**WHAT YOU ARE ASKED TO DO:**
Write out the listing below without alteration, omitting its pictures.

**DATA BELOW:**

"""

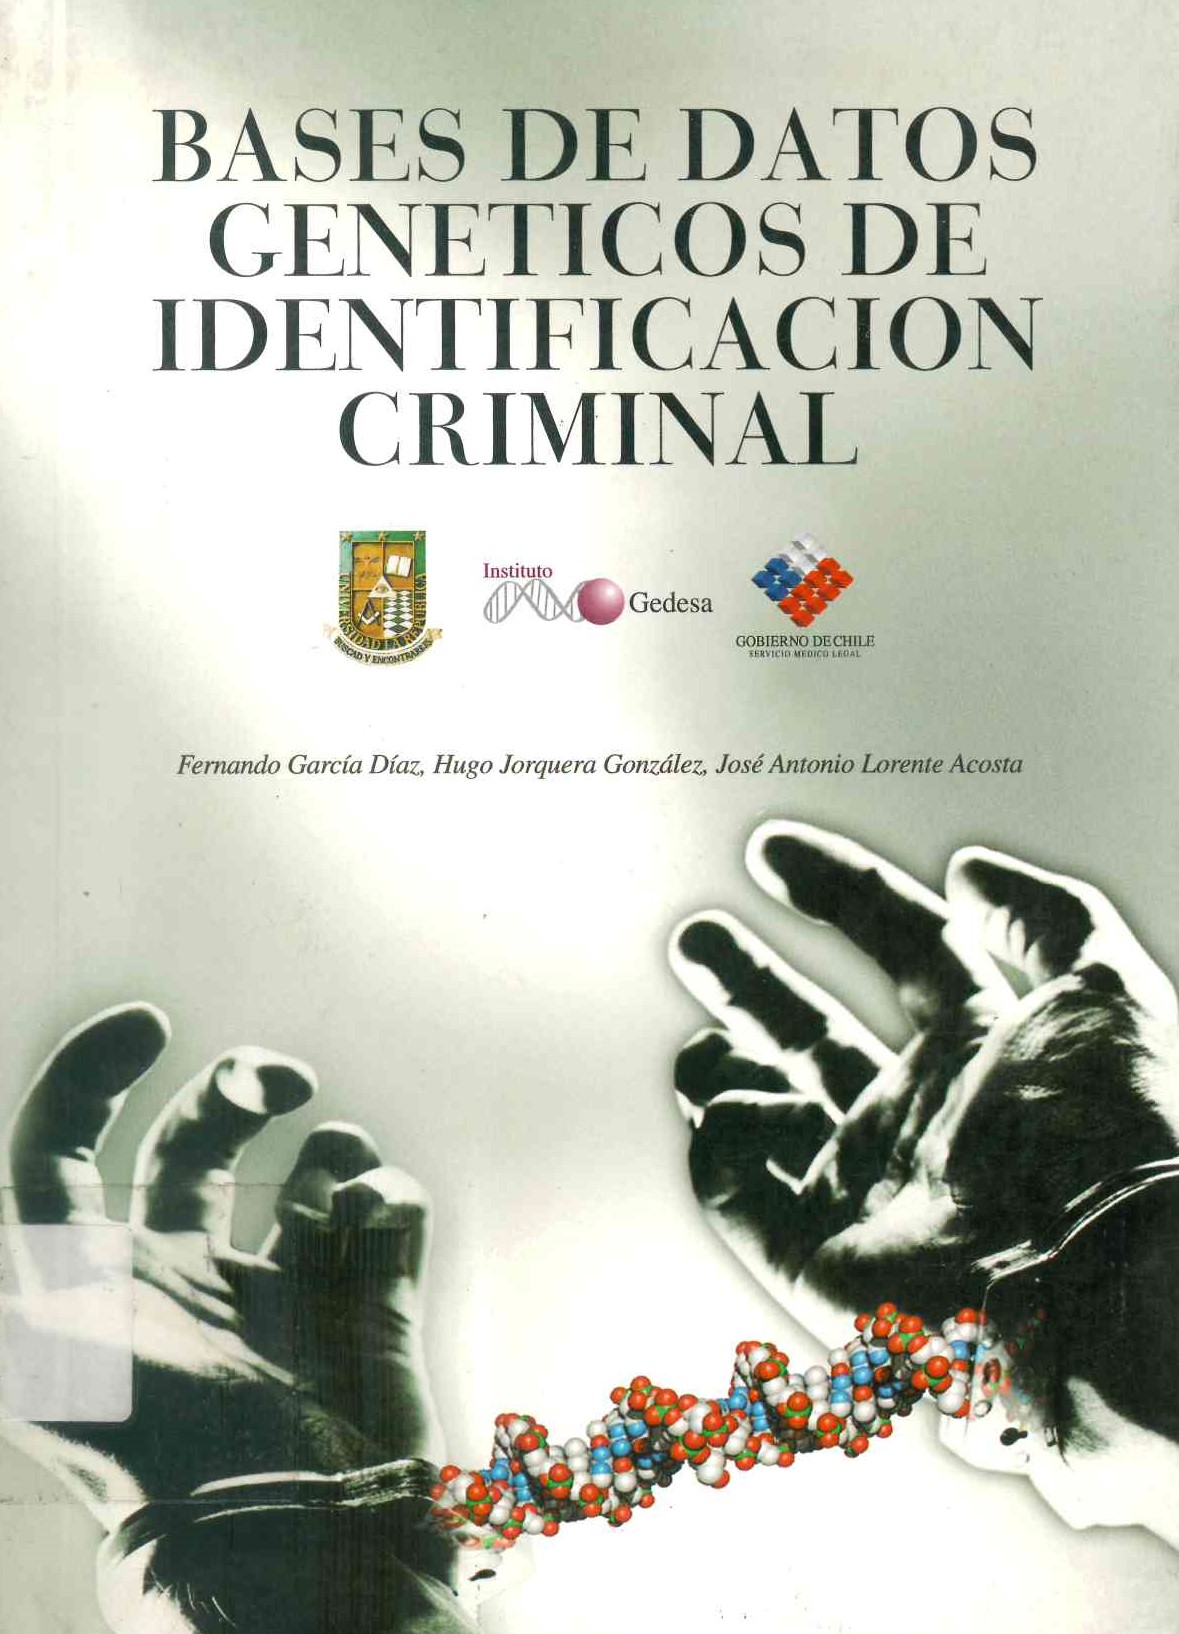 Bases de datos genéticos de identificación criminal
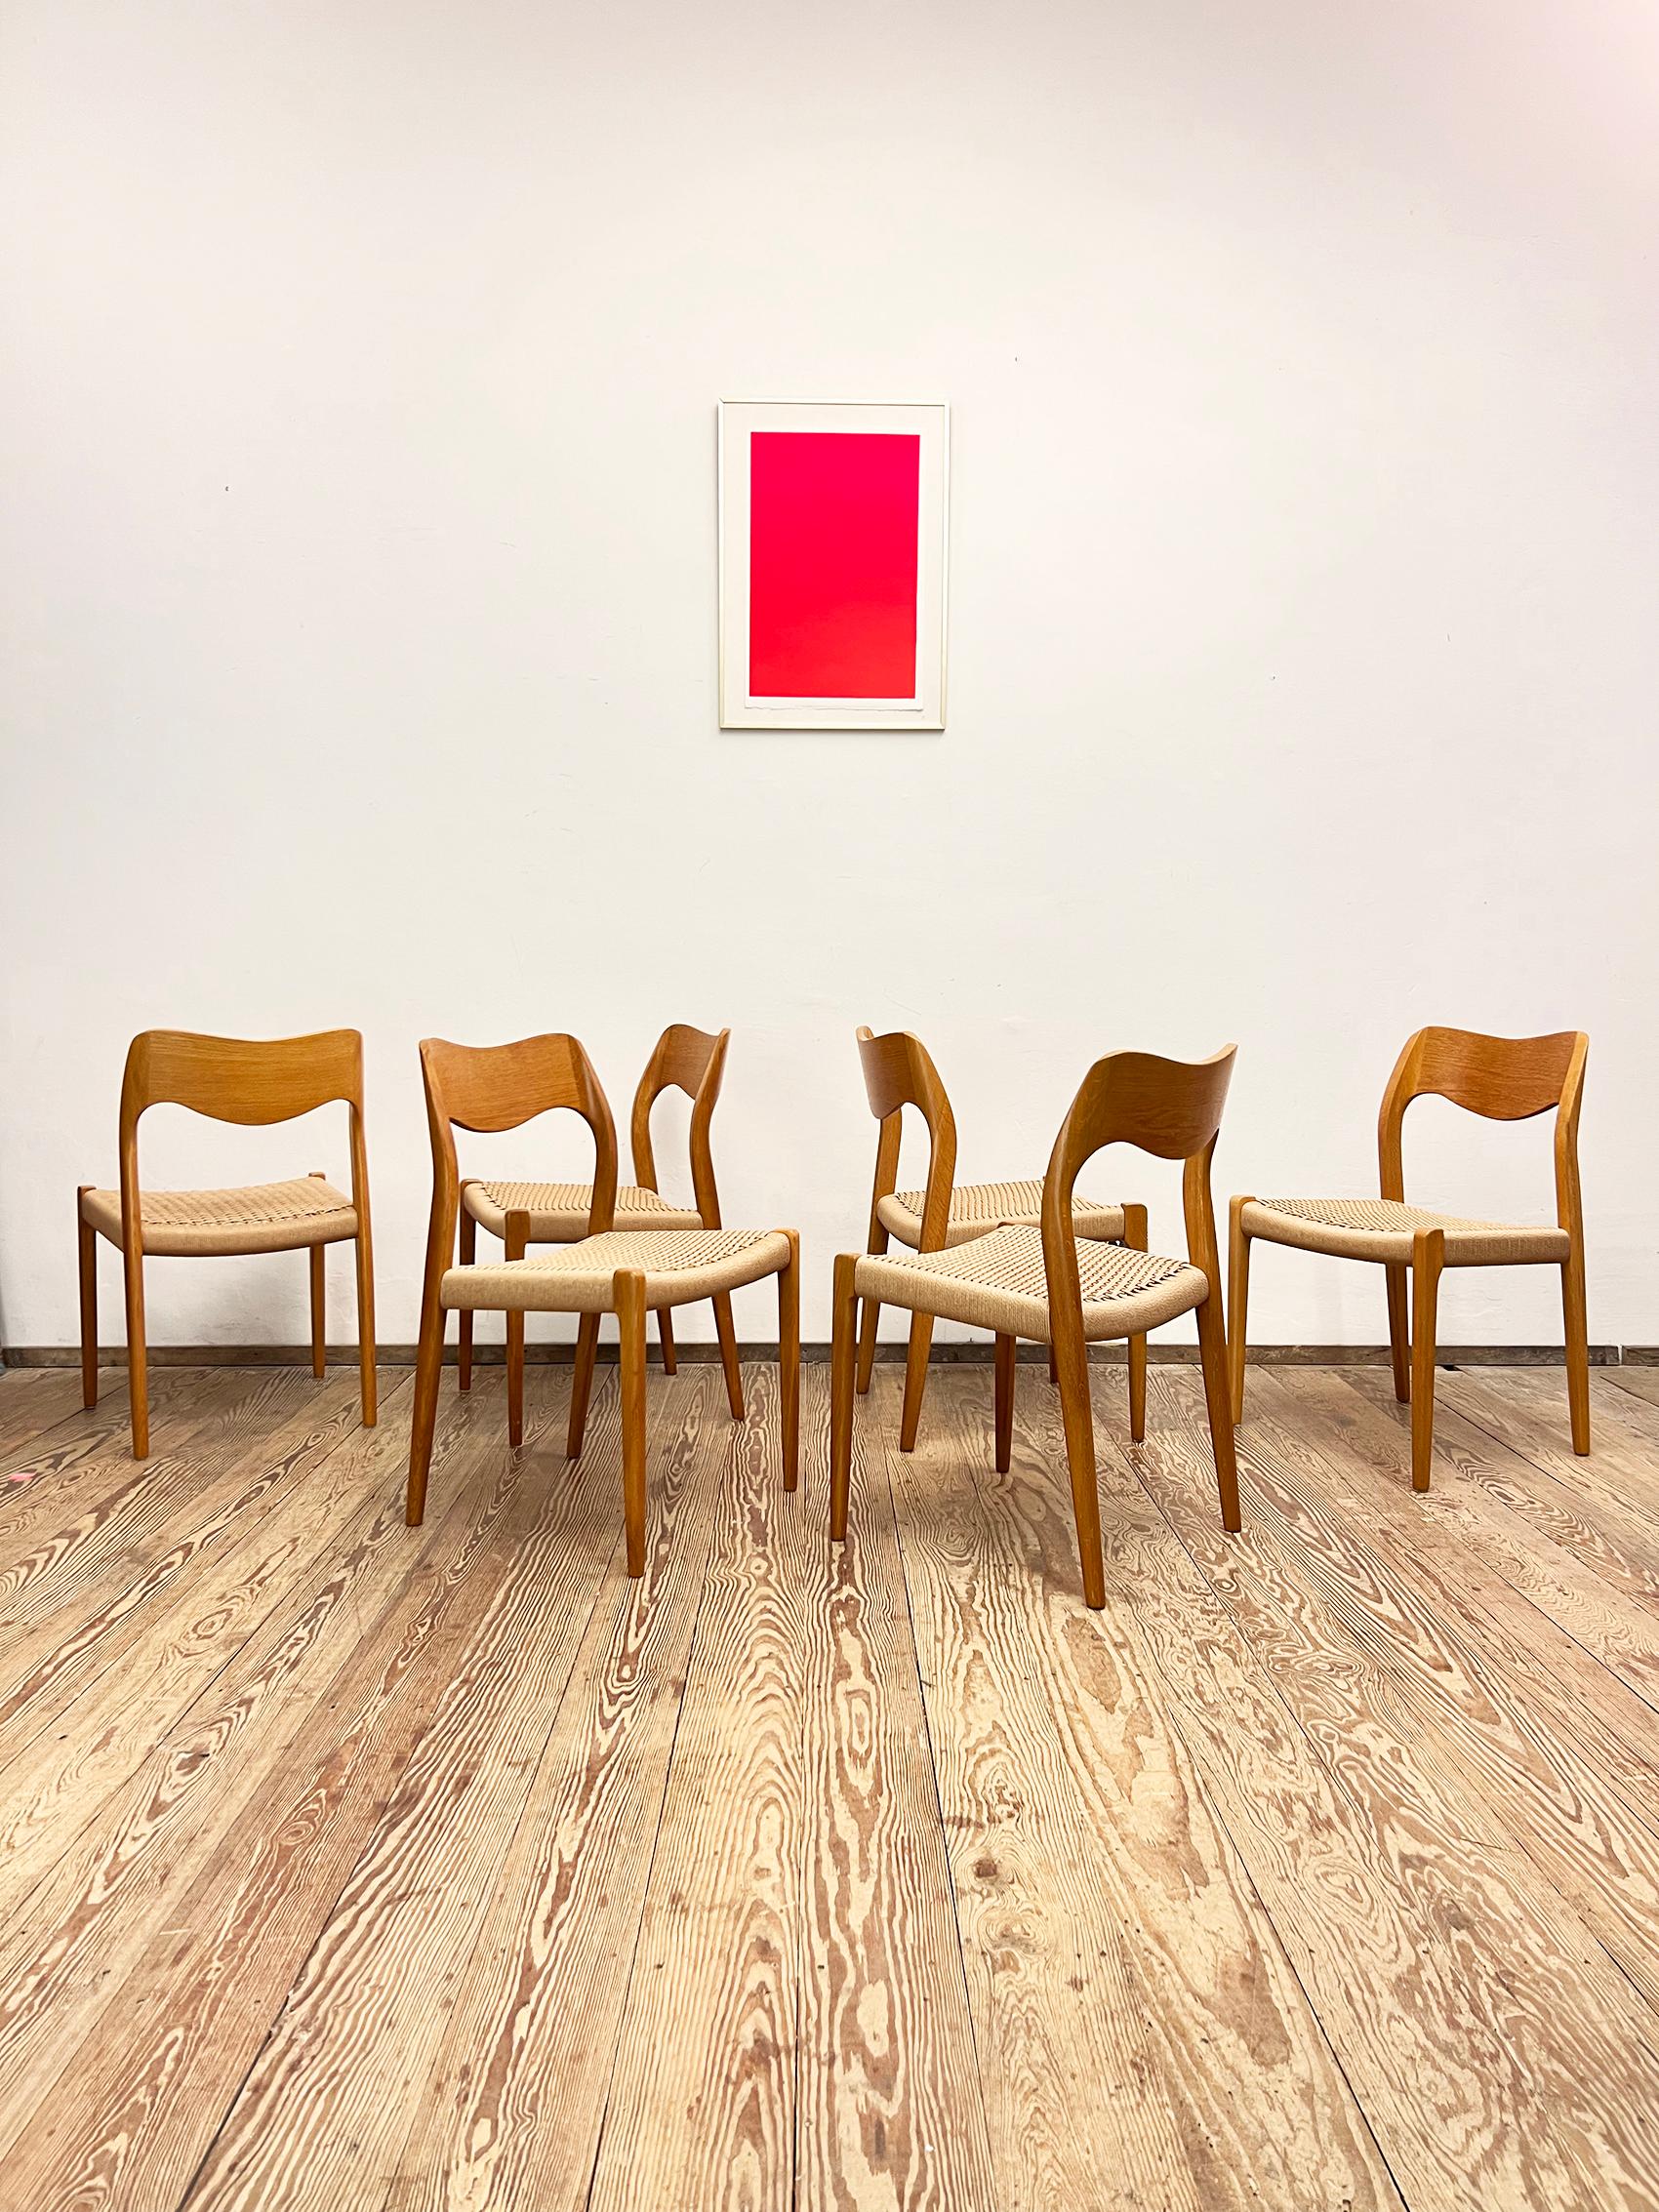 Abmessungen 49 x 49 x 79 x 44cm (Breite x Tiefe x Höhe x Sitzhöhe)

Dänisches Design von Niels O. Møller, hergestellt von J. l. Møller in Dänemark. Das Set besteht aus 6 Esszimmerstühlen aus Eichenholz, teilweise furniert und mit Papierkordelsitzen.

"""

**OUTPUT OF THE EXERCISE:**
 Bases de datos genéticos de identificación criminal
 Abmessungen 49 x 49 x 79 x 44cm (Breite x Tiefe x Höhe x Sitzhöhe)

Dänisches Design von Niels O. Møller, hergestellt von J. l. Møller in Dänemark. Das Set besteht aus 6 Esszimmerstühlen aus Eichenholz, teilweise furniert und mit Papierkordelsitzen.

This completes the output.